In [3]:
import pandas as pd
import numpy as np
from sklearn.metrics import accuracy_score, classification_report
from sklearn.ensemble import RandomForestClassifier
from sklearn.model_selection import train_test_split

from xgboost import XGBClassifier
from lightgbm import LGBMClassifier
from catboost import CatBoostClassifier

from tensorflow.keras.models import Sequential
from tensorflow.keras.layers import LSTM, Dense
from tensorflow.keras.utils import to_categorical
from tensorflow.keras.callbacks import EarlyStopping

import warnings
warnings.filterwarnings("ignore")

# === 加载数据 ===
dataTrain = pd.read_csv("allAtt_onehot_large_train_new8.csv")
dataTest = pd.read_csv("allAtt_onehot_large_test_new8.csv")

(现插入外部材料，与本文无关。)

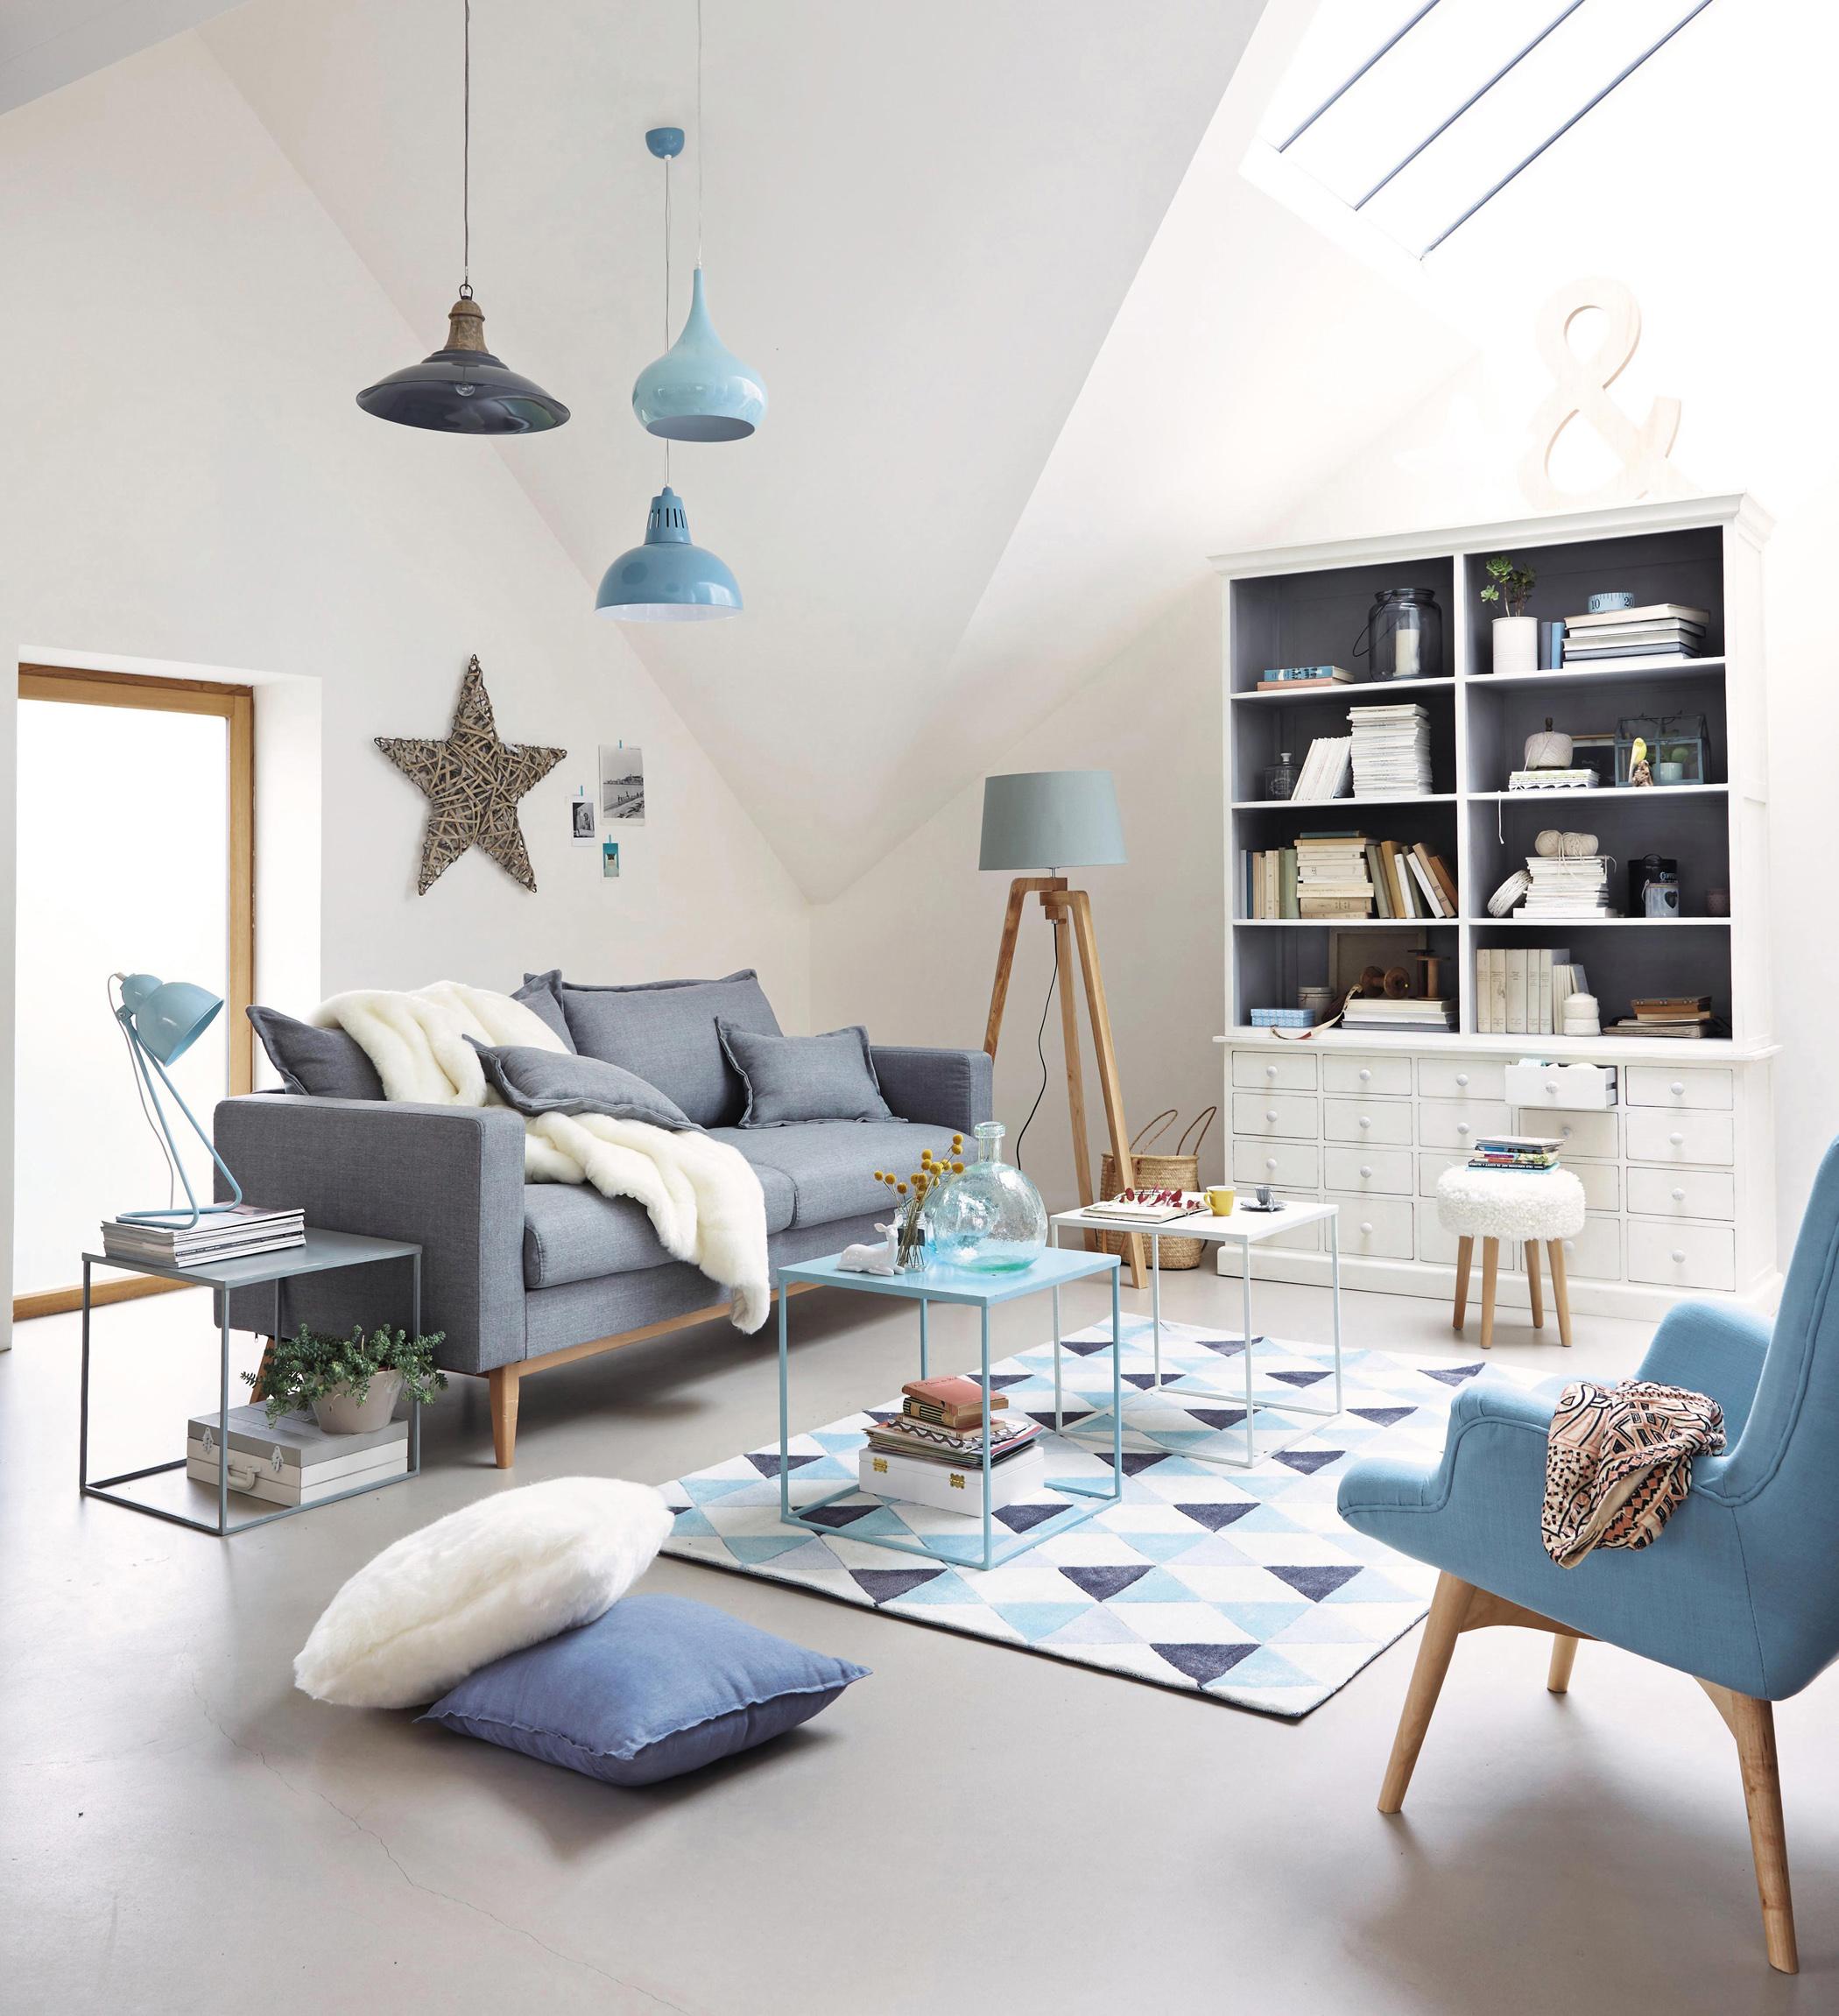 Wohnzimmer in Blau-Grau #couchtisch #beistelltisch #teppich #sessel #stehlampe #schrank #sofa #wanddeko #blauessofa #weißercouchtisch #holzstehlampe ©Maisons du Monde

x_train, y_train = dataTrain.iloc[:, 6:38].values, dataTrain.iloc[:, 38:].values
x_test, y_test = dataTest.iloc[:, 6:38].values, dataTest.iloc[:, 38:].values

y_train_int = np.argmax(y_train, axis=1)
y_test_int = np.argmax(y_test, axis=1)

# === 定义模型 ===
xgb = XGBClassifier(objective="multi:softprob", num_class=2, eval_metric="mlogloss", use_label_encoder=False)
lgb = LGBMClassifier(objective='multiclass', num_class=2)
cat = CatBoostClassifier(iterations=300, learning_rate=0.1, depth=6, loss_function='MultiClass', verbose=0)
rf = RandomForestClassifier(n_estimators=100, random_state=42)

# === 模型训练 ===
xgb.fit(x_train, y_train_int)
lgb.fit(x_train, y_train_int)
cat.fit(x_train, y_train_int)
rf.fit(x_train, y_train_int)

# === 获取每个模型的预测概率（作为时间步）===
def get_stacked_proba(model, X):
    return model.predict_proba(X)

train_probs = np.stack([
    get_stacked_proba(xgb, x_train),
    get_stacked_proba(lgb, x_train),
    get_stacked_proba(cat, x_train),
    get_stacked_proba(rf, x_train)
], axis=1)  # shape: [N, 4, 3]

test_probs = np.stack([
    get_stacked_proba(xgb, x_test),
    get_stacked_proba(lgb, x_test),
    get_stacked_proba(cat, x_test),
    get_stacked_proba(rf, x_test)
], axis=1)  # shape: [N, 4, 3]

# === 构建 LSTM 模型 ===
def build_lstm_model(input_shape):
    model = Sequential()
    model.add(LSTM(32, input_shape=input_shape))
    model.add(Dense(2, activation='softmax'))
    model.compile(optimizer='adam', loss='categorical_crossentropy', metrics=['accuracy'])
    return model

early_stop = EarlyStopping(patience=5, restore_best_weights=True)

# === 训练 LSTM ===
lstm_model = build_lstm_model((train_probs.shape[1], train_probs.shape[2]))
lstm_model.fit(
    train_probs, 
    to_categorical(y_train_int),
    epochs=30,
    batch_size=64,
    validation_split=0.2,
    verbose=1,
    callbacks=[early_stop]
)

# === 预测 + 评估 ===
y_pred_probs = lstm_model.predict(test_probs)
y_pred = np.argmax(y_pred_probs, axis=1)

acc = accuracy_score(y_test_int, y_pred)
print(f"\n✅ Final LSTM on model outputs Accuracy: {acc:.4f}")
print("📊 Classification Report:")
print(classification_report(y_test_int, y_pred))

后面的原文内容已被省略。